A false version of a popular tool used by network administrators to manage local area networks provides an attacker with backdoor access and has impacted at least 80 organizations around the world, according to new research from Kaspersky. (Image credit: Bee Bright via Getty)

A false version of a popular tool used by network administrators to manage local area networks provides an attacker with backdoor access and has impacted at least 80 organizations around the world, according to new research from Kaspersky.

Software supply chain attacks have become more common among cybercriminals in recent years, but in this case, researchers say it is rare to see a backdoored binary that is signed, which is the case with AdvancedIPSpyware. It's most likely that the certificate attackers used to sign the malware-laced version was stolen.  

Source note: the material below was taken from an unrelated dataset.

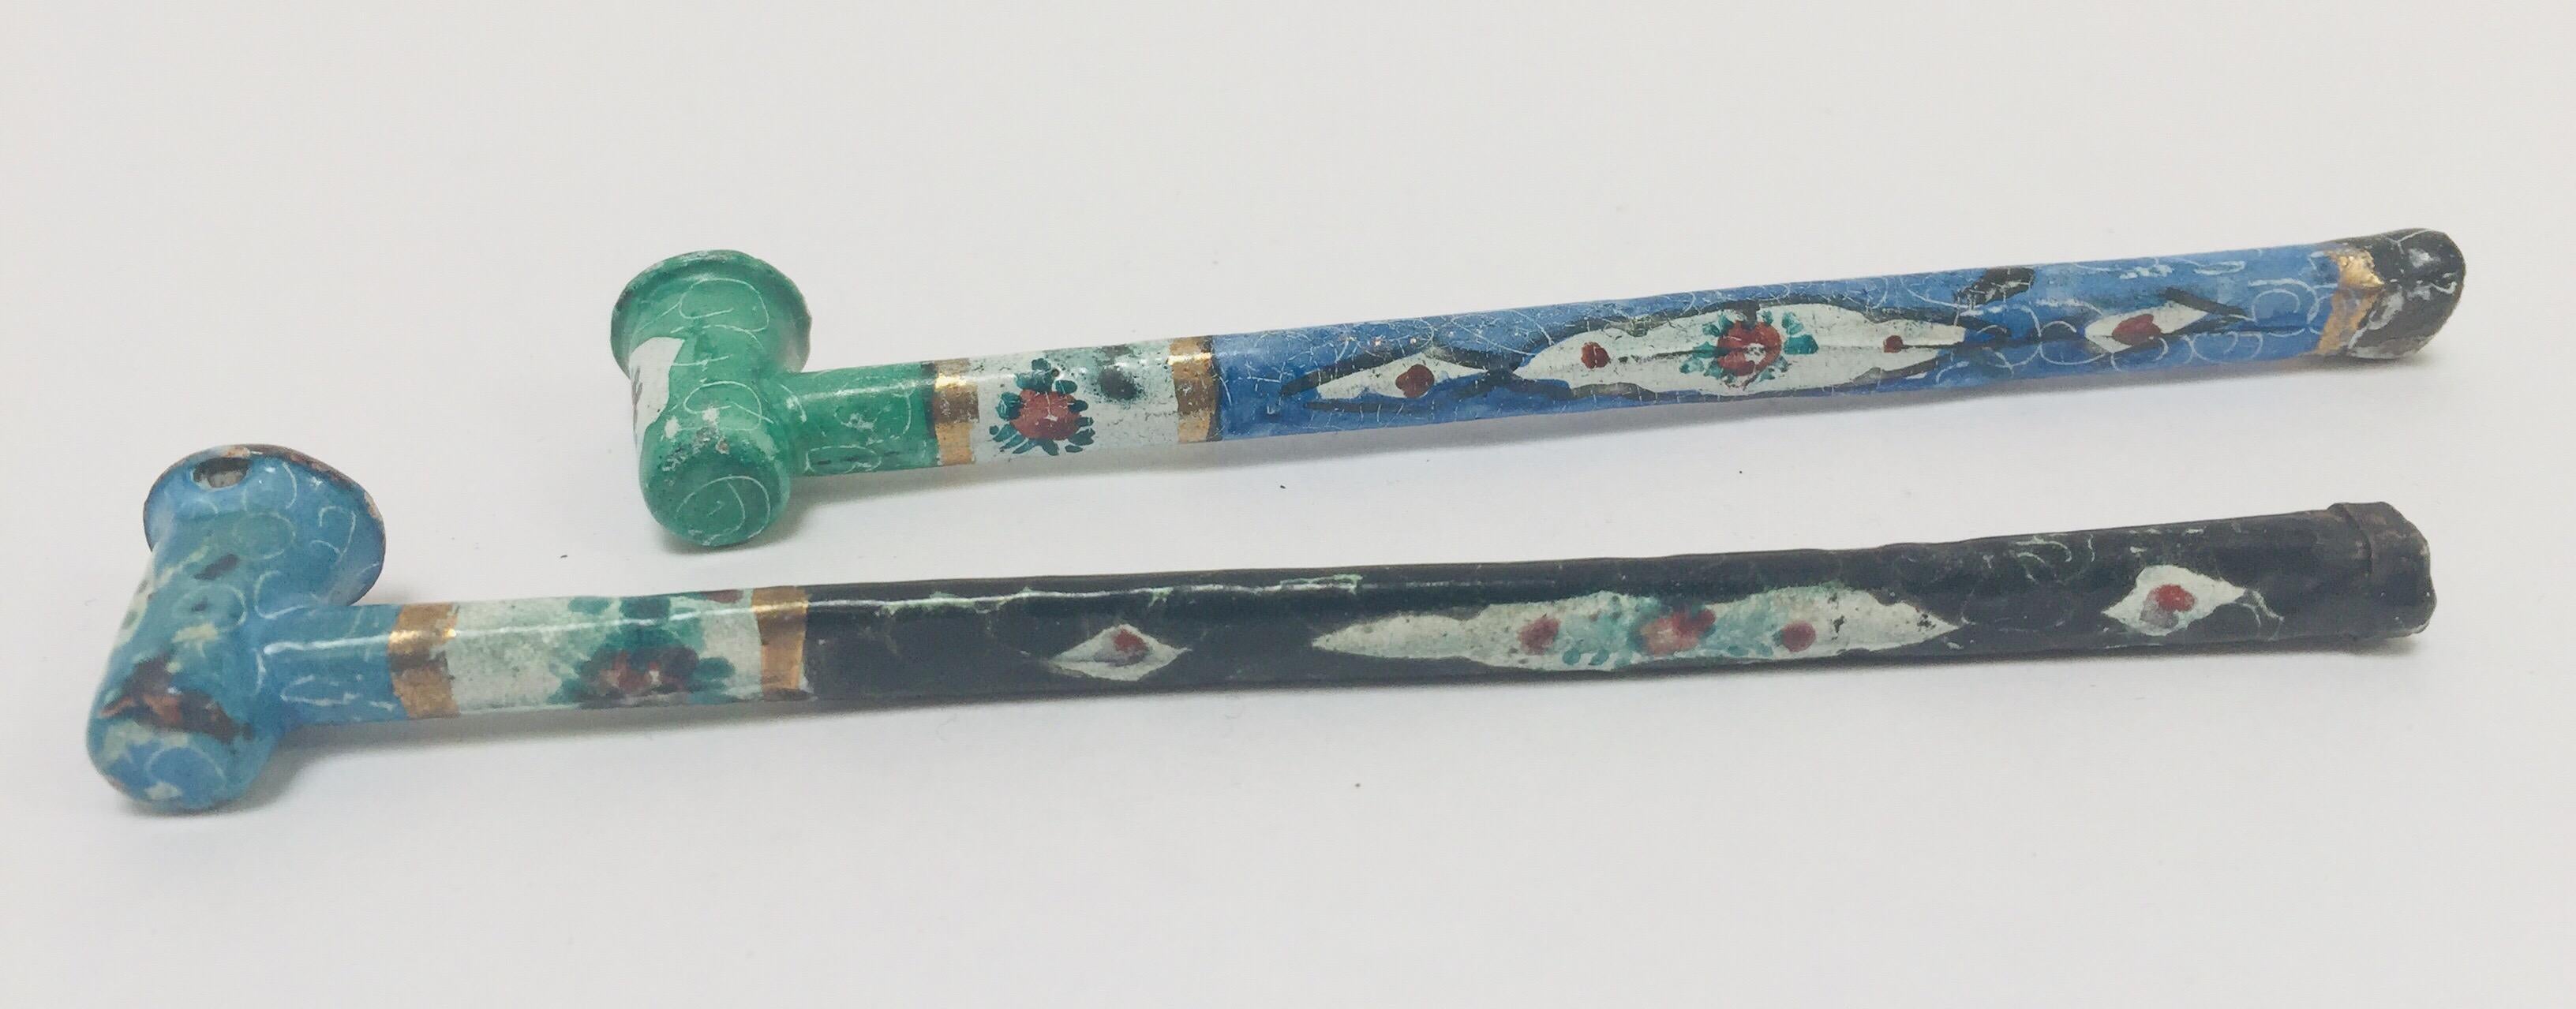 opium pipe for sale
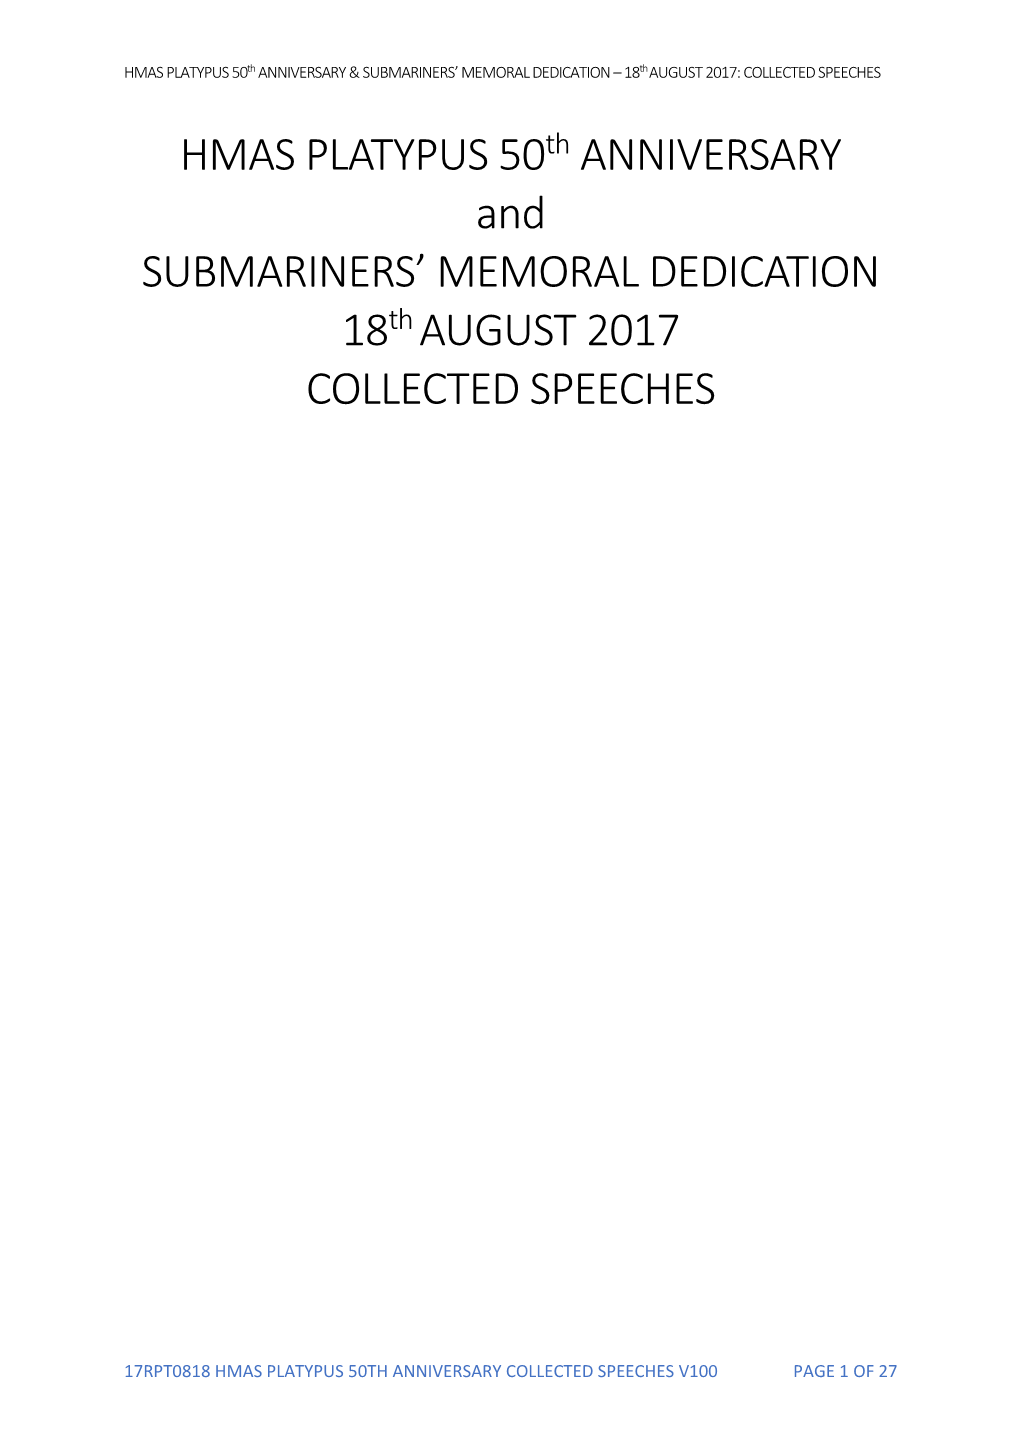 HMAS PLATYPUS 50Th ANNIVERSARY and SUBMARINERS’ MEMORAL DEDICATION 18Th AUGUST 2017 COLLECTED SPEECHES

Kaspersky's Jornt van der Wiel noted in comments provided to SC Media that Advanced IP Scanner is typically used by large organizations to provide system administrators with an overview of their network, and security enthusiasts insight into operations of devices in their home network. "Because of anonymization, we cannot see what organizations have the backdoored version of this tool installed," he said. "However, given the target audience of Advanced IP Scanner, we believe with medium confidence that the target audience of the backdoored version is the same."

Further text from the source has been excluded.